Tanto rumore per nulla?

 

 
 
(di Renato Scarfi)
23/02/22

Sembrerebbe proprio che la crisi ucraina (forse) abbia alla fine prodotto effetti di una qualche rilevanza sull’equilibrio geopolitico mondiale.

Appare, infatti, in tutta la sua evidenza che Putin ha fatto tornare la Russia a calcare il palcoscenico internazionale, da attore protagonista ed essenziale per la trattazione delle principali questioni planetarie.

La lunga sequenza di ministri e segretari di Stato che si sono inutilmente recati a Kiev e a Mosca hanno, inoltre, evidenziato l’inconcludente attivismo di una disunita politica occidentale che ha più bisogno di apparire che di essere. Le vere crisi, infatti, non si sono mai risolte davanti alle telecamere o con messaggini al cellulare. Le vere crisi si sono sempre risolte attraverso fitti contatti diplomatici, non palesi ma sinceri, franchi e diretti. Contatti cui si aggiungono normalmente le conversazioni tra i leader. È possibile che, parallelamente ai “viaggi della pace”, tali contatti ci siano realmente stati. Non lo sapremo mai. Tuttavia, la lunga sequenza di viaggi nelle due capitali interessate dalla crisi, ampiamente pubblicizzate con giorni di anticipo e documentate da lunghi servizi televisivi, hanno evidenziato la sudditanza dei politici occidentali alla necessità di apparire (più che risolvere la crisi), per alimentare una narrazione che, nei rispettivi Paesi, sta sempre più rappresentando la principale direzione di attenzione politica.
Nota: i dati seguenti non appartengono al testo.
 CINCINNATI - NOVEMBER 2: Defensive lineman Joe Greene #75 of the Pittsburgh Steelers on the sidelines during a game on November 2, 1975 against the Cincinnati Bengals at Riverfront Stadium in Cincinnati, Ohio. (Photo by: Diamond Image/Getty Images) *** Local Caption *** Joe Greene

Qualunque cosa Putin avesse in mente fin dall’inizio, infatti, non sono certo state le vibranti proteste o gli aiuti militari britannici a Kiev o l’invio di 3.000 soldati statunitensi in Polonia a impedirgli di andare avanti, trattandosi di mosse evidentemente poco consistenti di fronte agli oltre 130.000 soldati schierati da Mosca ai confini ucraini. E infatti, la linea di contatto tra le Forze ucraine e i ribelli indipendentisti delle due autoproclamate repubbliche popolari filorusse di Donetsk e di Lugansk ha continuato a rimanere “calda” come negli ultimi otto anni, da quando la Russia si è presa la penisola di Crimea e Sebastopoli, indispensabile porto militare che permette a Mosca di proiettarsi in Mediterraneo.
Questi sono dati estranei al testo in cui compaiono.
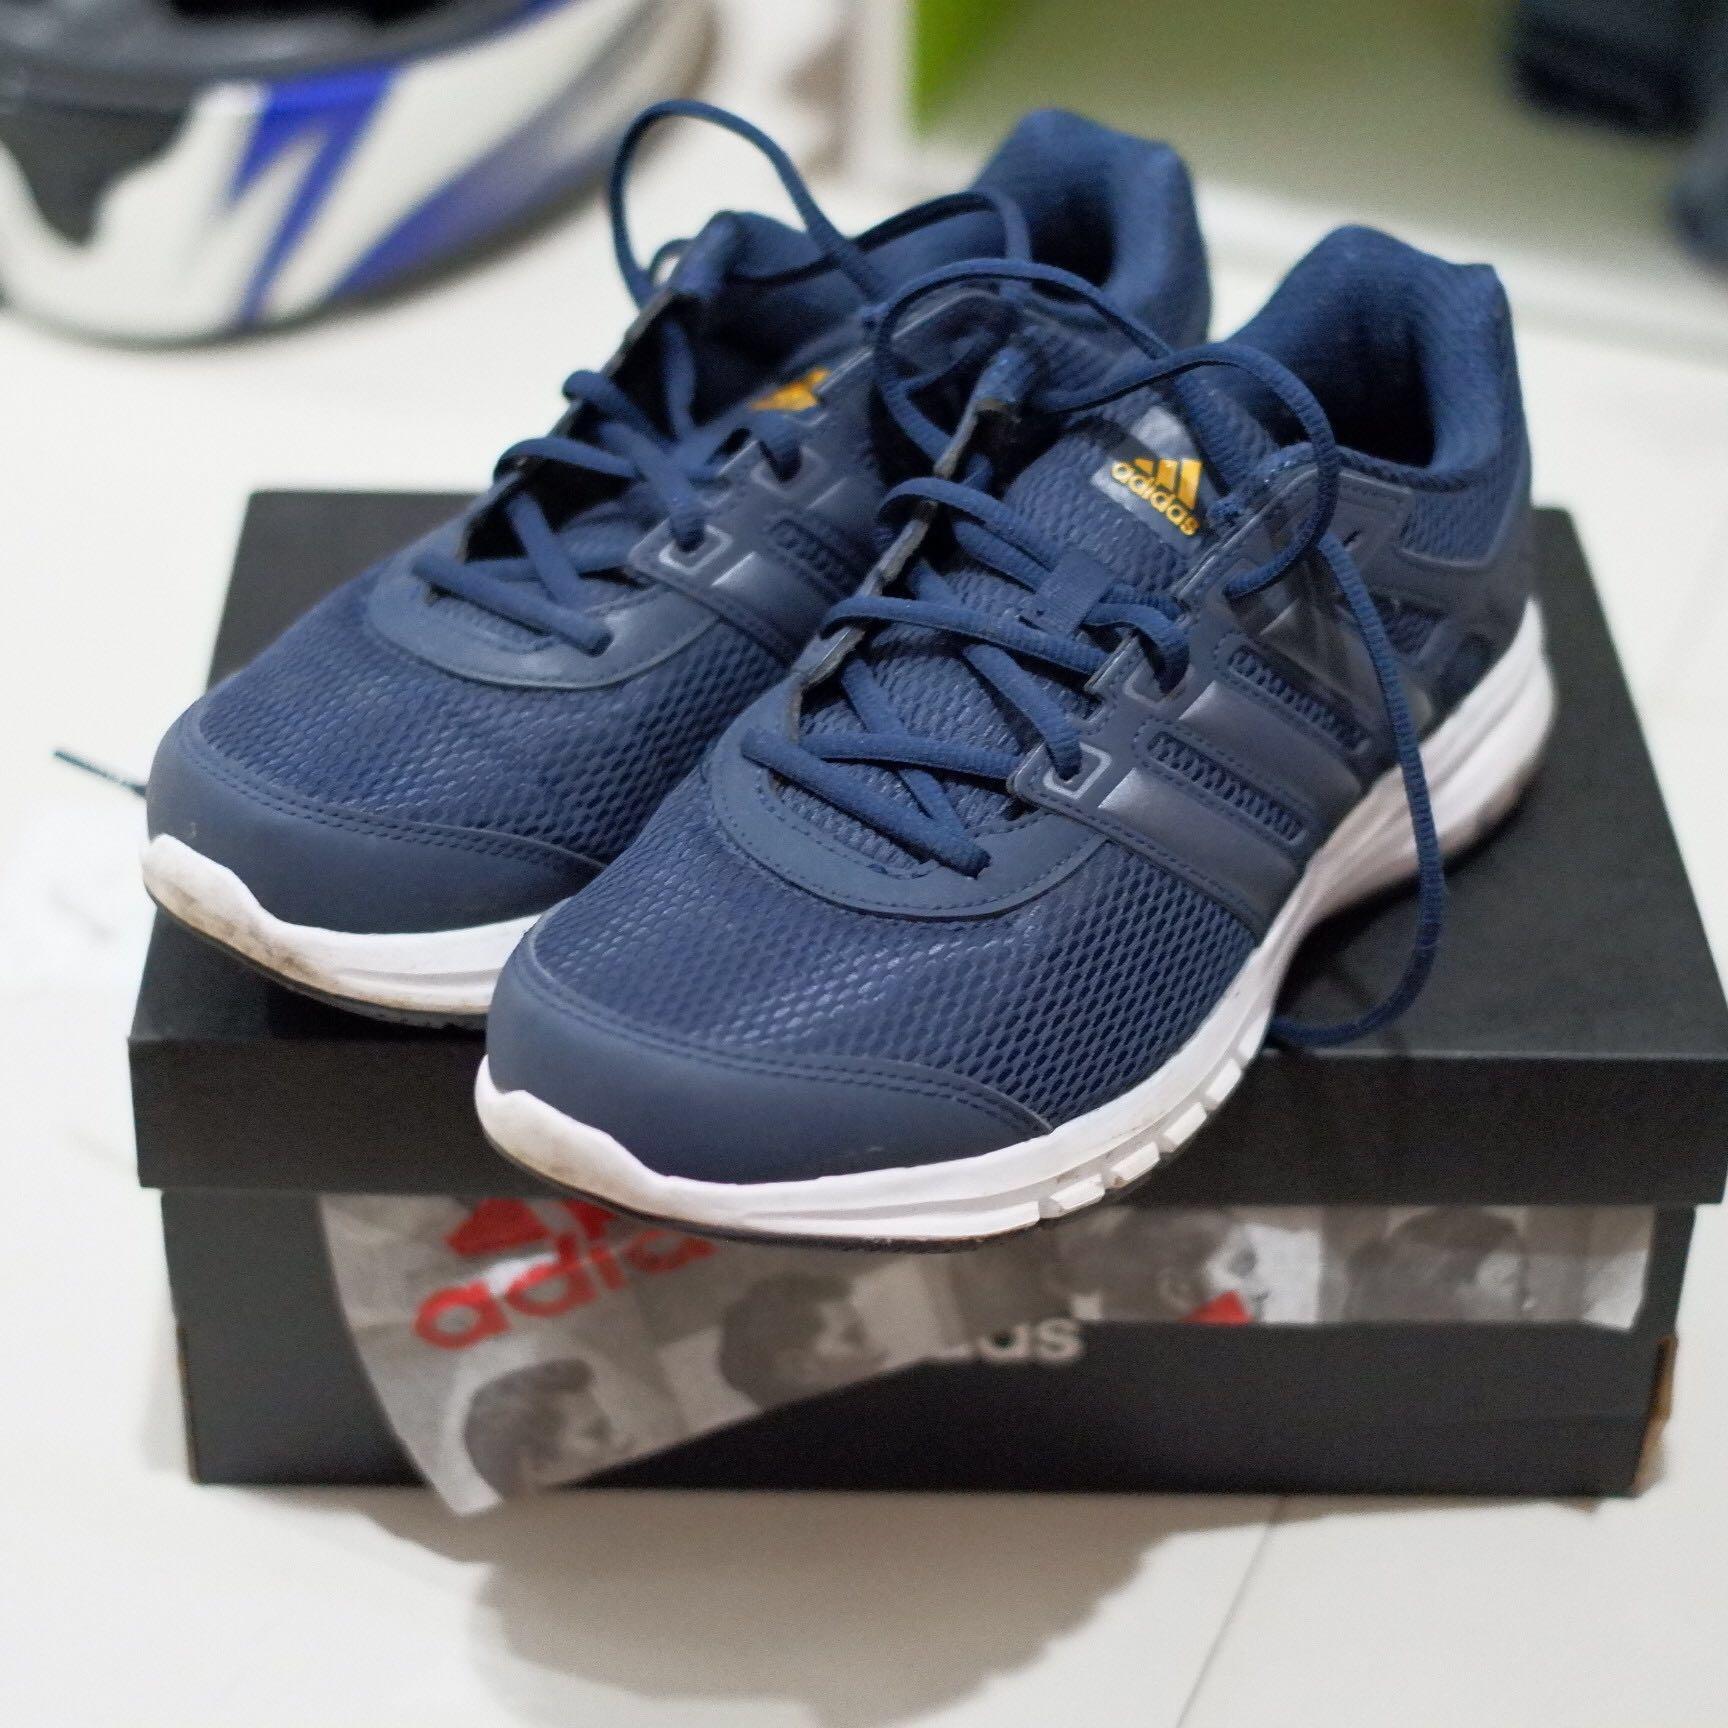 Sale Sepatu Adidas Running Men S Fashion Men S Footwear On Carousell d01c1660af

La crisi ucraina ha anche evidenziato la vacuità delle promesse non tradotte in documenti formali. Le numerose smentite occidentali al richiamo russo su un gentleman’s agreement, con il quale alcuni Paesi NATO avrebbero rassicurato Gorbaciov, desideroso di porre fine alla Guerra Fredda, circa la rinuncia all’espansione verso est dell’Alleanza Atlantica, sembra siano state ultimamente confutate da un documento confidenziale pubblicato venerdì 18 febbraio dalla rivista tedesca Der Spiegel. Qualora l’autenticità del documento venisse confermata, si tratterebbe di una delle peggiori brutte figure della storia, che non potrebbe non avere impatto sulla credibilità dell’Alleanza stessa, con significative implicazioni geopolitiche complessive.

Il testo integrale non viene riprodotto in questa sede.